The ruling applied even to juveniles who at some point would be eligible for parole, opening up the possibility of new and shorter sentences for hundreds of inmates.

Since then, some long-timers have been released. Many others await re-sentencing.

But now, they might not get a chance after all.

In recent weeks, the high court has overruled its earlier decision, effectively barring parole-eligible inmates from being re-sentenced.

The abrupt change could mean many of those who have already done decades in prison for their juvenile crimes will remain there for good.

“It’s really concerning for the court to change its mind after such a short period of time,” said Roseanne Eckert, the coordinating attorney for the Juvenile Resentencing and Review Project at Florida International University College of Law. “We have more than 200 people that were basically told, ‘Too bad, you missed your chance.’”

Why the change? To understand, it helps to know a bit of recent legal history.

In 2010 and 2012, the U.S. Supreme Court held that it was unconstitutional to sentence juvenile defendants to life in prison without parole. The cases, Graham vs. Florida and Miller vs. Alabama, were rooted in scientific research showing that juvenile brains are different — and that teenagers are less capable of understanding consequences.

Florida law was changed to require that judges conduct individual sentencing hearings for each juvenile and consider specific factors including the defendant’s age, maturity and educational background.

Then, in 2016, came the case of Angelo Atwell. He’s serving a life sentence for the 1990 murder of a Broward County high school economics teacher, a crime he committed when he was 16.

Now in his 40s, Atwell is parole eligible. But the Commission on Offender Review said the earliest he could be considered for release is 2130, far beyond his life expectancy.

His sentence, the Florida Supreme Court said, was virtually indistinguishable from life without parole.

“We conclude that Florida’s existing parole system ... does not provide for individualized consideration of Atwell’s juvenile status,” Justice Barbara Pariente wrote for the court’s 4-3 majority.

Florida abolished parole for most offenses in 1983. It was abolished for good in 1994. Parole still applies to people sentenced before that, who number more than 4,000.

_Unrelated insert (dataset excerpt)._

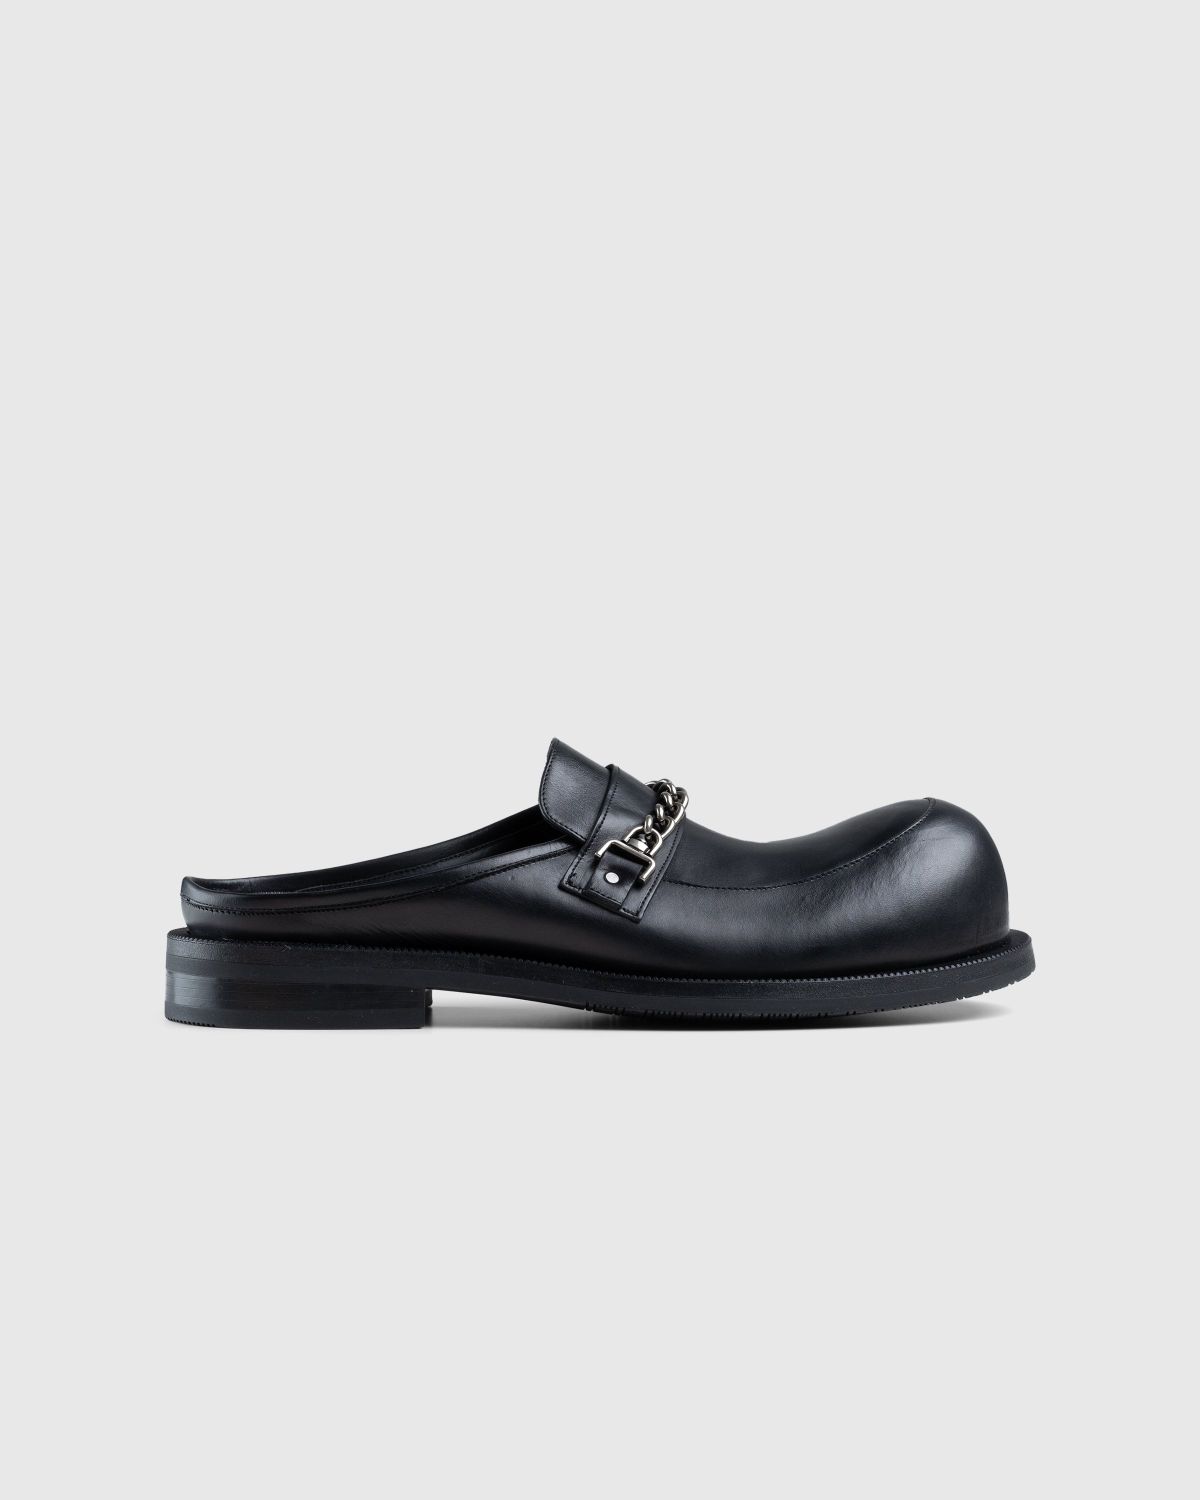 Martine Rose – Bulb Toe Chain Mule Black - Sandals & Slides - Black - Image 1

The court’s ruling meant that parole-eligible inmates who committed crimes as juveniles could ask judges to re-sentence them.

About 60 people have been released since then, Eckert said. A handful got new life sentences.

Hundreds more were in the process of seeking new sentences when the high court reversed itself this year in the case of Budry Michel.

Michel was 16 in 1991 when he was charged with a spate of crimes including first-degree murder. He, too, is parole eligible.

Justice Ricky Polston said there is no evidence that the state’s parole system fails to provide a “meaningful opportunity for release.” Polston cited a recent federal case upholding the constitutionality of Virginia’s prison geriatric release program.

The makeup of the court has changed since the Atwell decision. Justice E.C. Perry, who was in the majority in that case, retired in 2016. He was replaced by Justice Alan Lawson, who concurred with Polston in the Budry case.

The Budry decision became final this month. On Nov. 8, the court cited it in upholding the sentence of Arthur O’Derrell Franklin, who is serving a 1,000-year sentence for a series of brutal rapes he committed at age 17 in 1983. His presumptive parole release date is in 2352.

“I think that is an indication the court is going to be far more conservative and far less willing to give kids, at least, relief for their incarceration,” said Stephen Harper, who leads the Juvenile Resentencing and Review Project at Florida International University.

Critics say the process doesn’t come close to an individual re-sentencing hearing like the one required under the new juvenile sentencing laws. And it’s rare that anyone gets released on parole.

“You don’t even really get a hearing,” said Teri Sopp, a Jacksonville assistant public defender, who is working on an analysis of parole denials in the hope of litigating the issue. “You get an administrative review that last 10 minutes. And that’s 10 minutes between the victim and the defendant and the prosecutor.

“It’s the furthest thing from a meaningful review that could possibly exist.”